Still nothing exists to this day that can replicate the raw power and direct command of magic that the Founders possessed to build Hogwarts. Dumbledore and Voldemort could be considered individuals closest to them in talent. Had they not been schooled in rational magic, their magic would still probably have sprang up spontaneous on its own (Voldemort's underaged magic), and so each are able to perform "incredible feats of magic" that astonish everyone. In the time of the Founders, they would have been considered true shamans. But as it took 4 such talented individuals working together very hard for decades to build Hogwarts, it is unlikely that such a feat can be replicated because it requires at least four such individuals being born at the same time around the same place, willing and incredibly committed to work together for such an extended period of time on one project. Only in such circumstances are incredible magical feats like Hogwarts possible. Rational magic could never alone do it, because it requires the user to first understand the basis of any magic to allow them to perform that magic, which for the building of Hogwarts would require mastery of understanding in thousands of types of magic to an absurdly advanced level which is too much for anyone. So for Hogwarts to have been built, a spontaneous almighty magic of the Founders was needed, the "divine" ability to perform powerful magic without needing to understand it first.

Having his gift of Sight (although he is not intrinsically powerful), Harry can be seen to be something like Merlin's successor. Those with this gift in history have been paradigm-shifting inventors, innovators (by their ability to analyze pure magic in detail) who change the face of what people can do with magic. (And from that also naturally a community is shaped by such people, the nature of any magical community being derived from the nature of its magic.) But first he still has to kill Lord Voldemort.

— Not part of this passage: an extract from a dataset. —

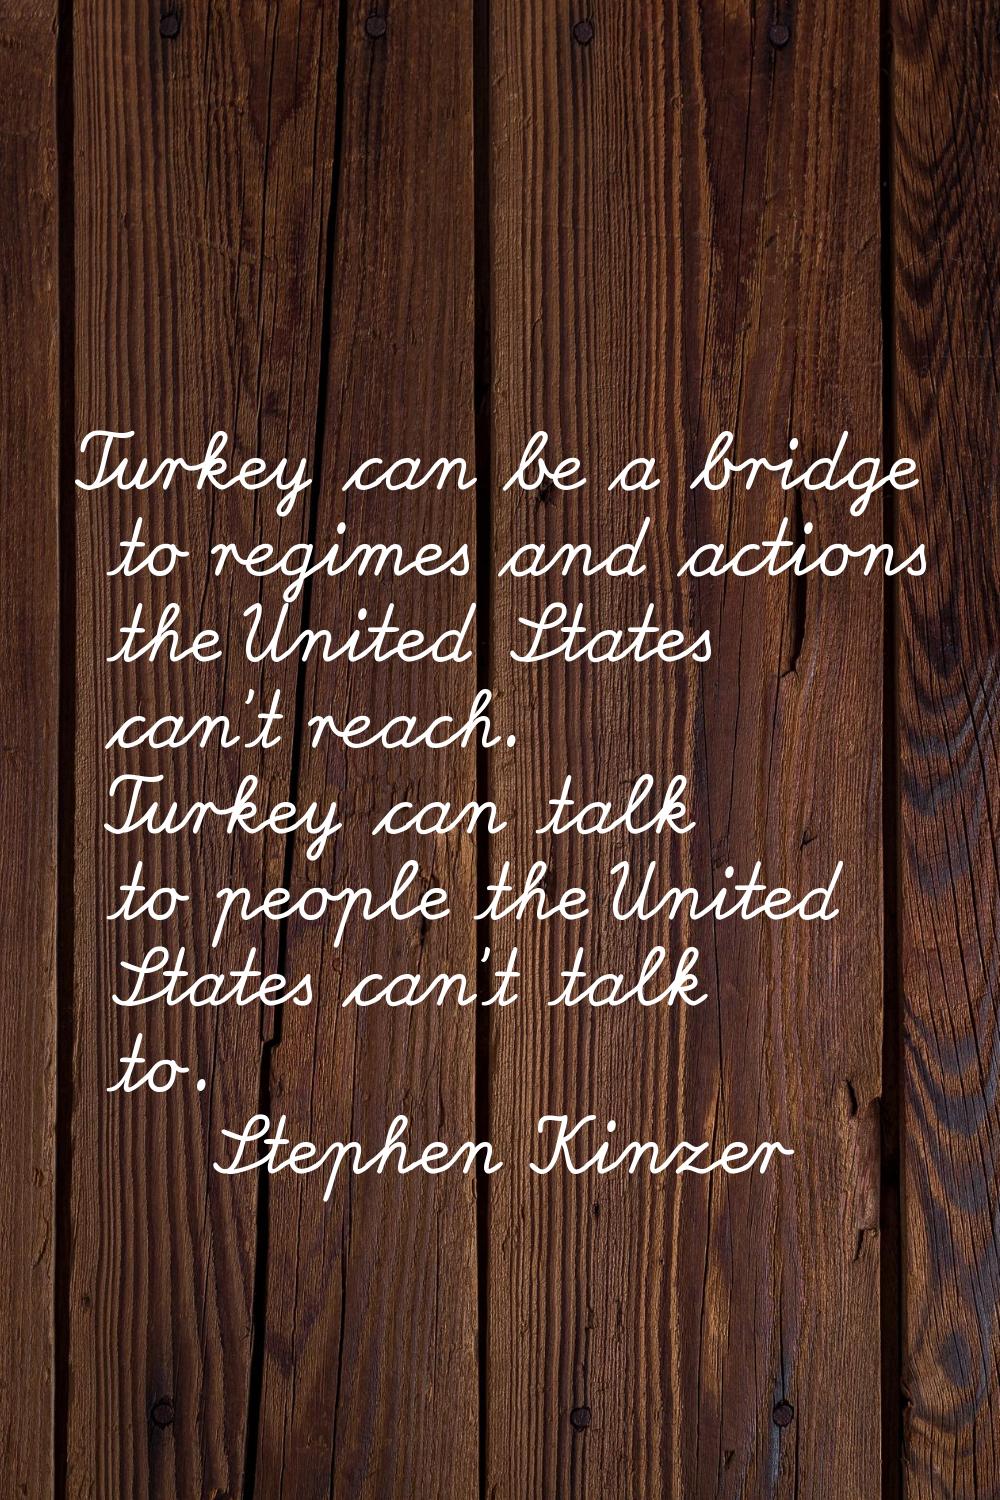 Turkey can be a bridge to regimes and actions the United States can't reach. Turkey can talk to peo
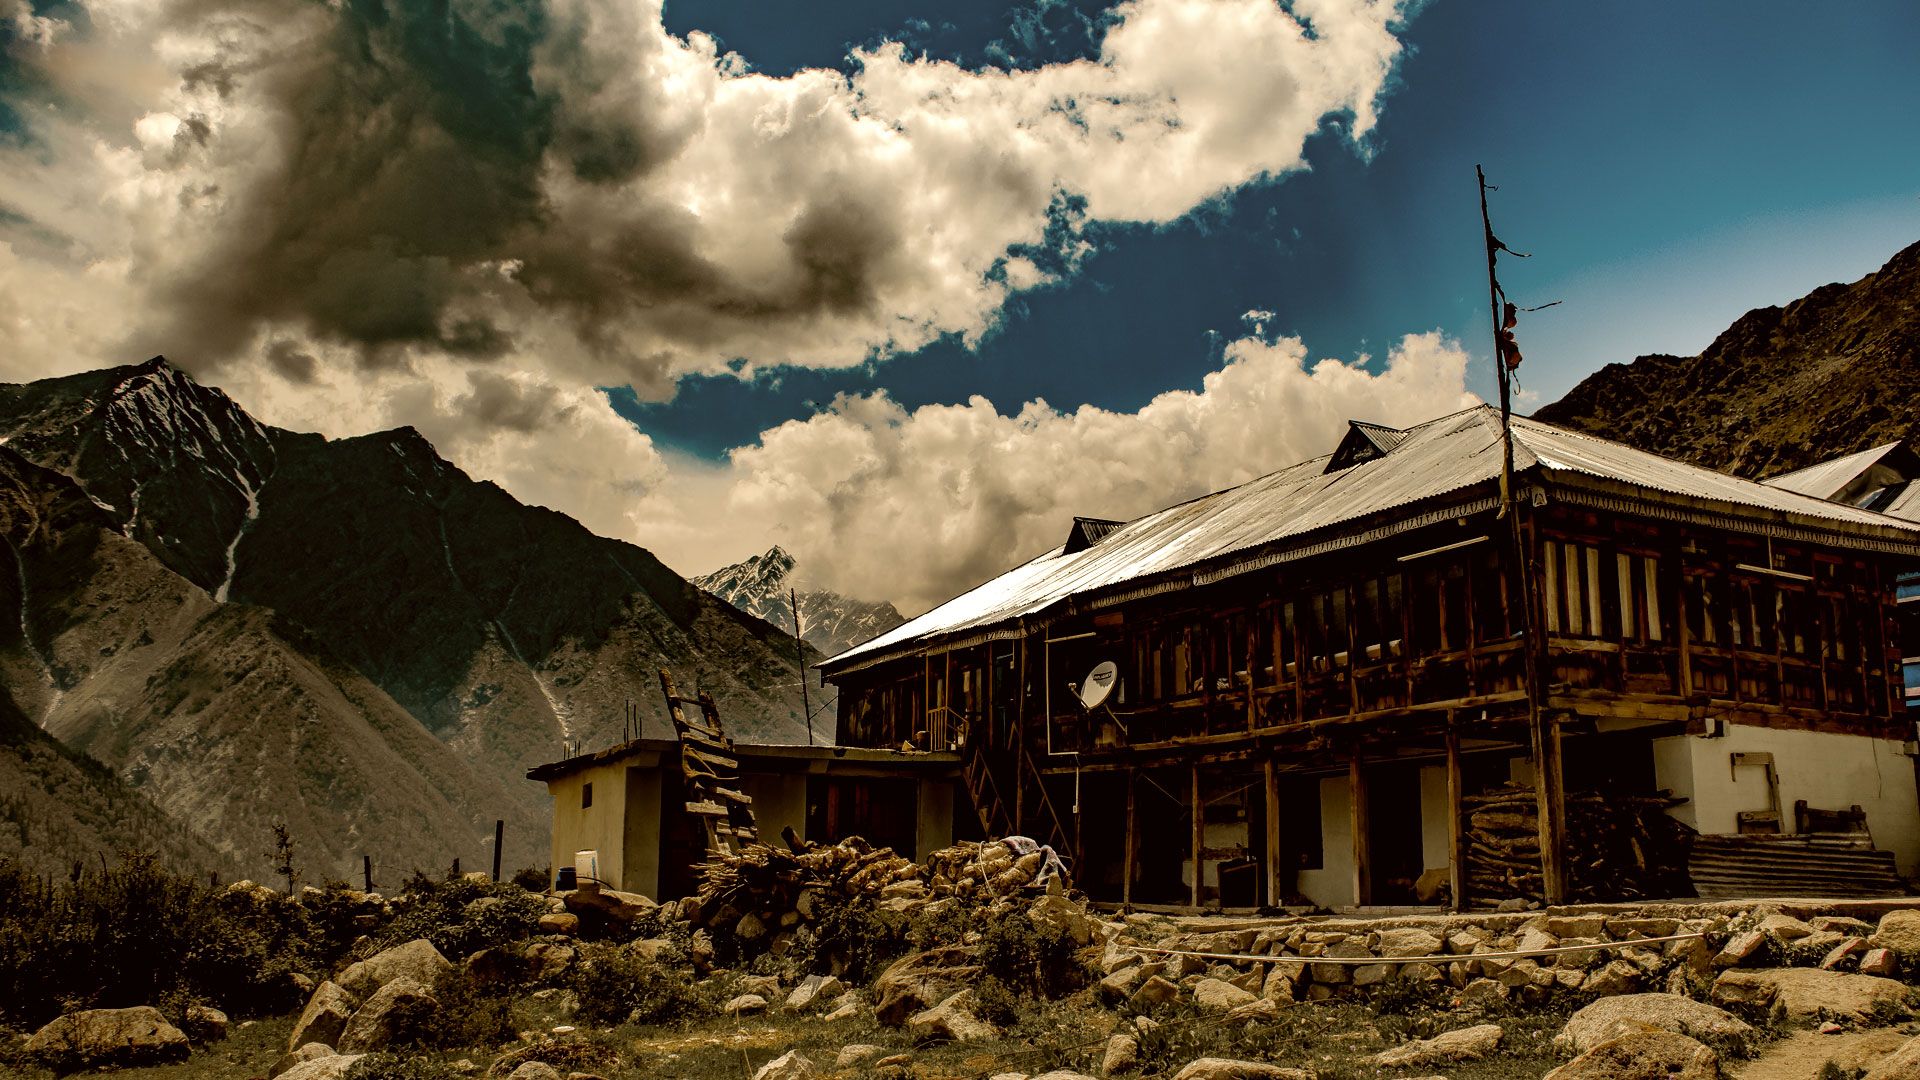 Welcome to Chitkul

In Response to one question in the comments by Kairin1979: Harry has the sight. He's grown up being more astute than any other average human being, so he's grown up very quickly, become aware of human nature/character. Imagine being able to from an early age, sense the rough true ulterior motivations behind any individual you ever talked/interacted with. How would you grow up as? This has a cumulative effect, at age 3 he's as astute as a twelve year old, by eleven he essentially is an adult. Harry is almost impossible to dupe/mislead because of his Sight. He has strong intuition, because in those story, intention in any witch/wizard is interlinked with their magic, so any one who can sense/see magic can understand the intention behind it as well. So in answer, Harry is not your typical 11 year old. And because of the intense serious training he has been subjected to, he rationalizes everything. It also means he's not terribly good at relating or conversing with his peers, who he views as childish compared to him.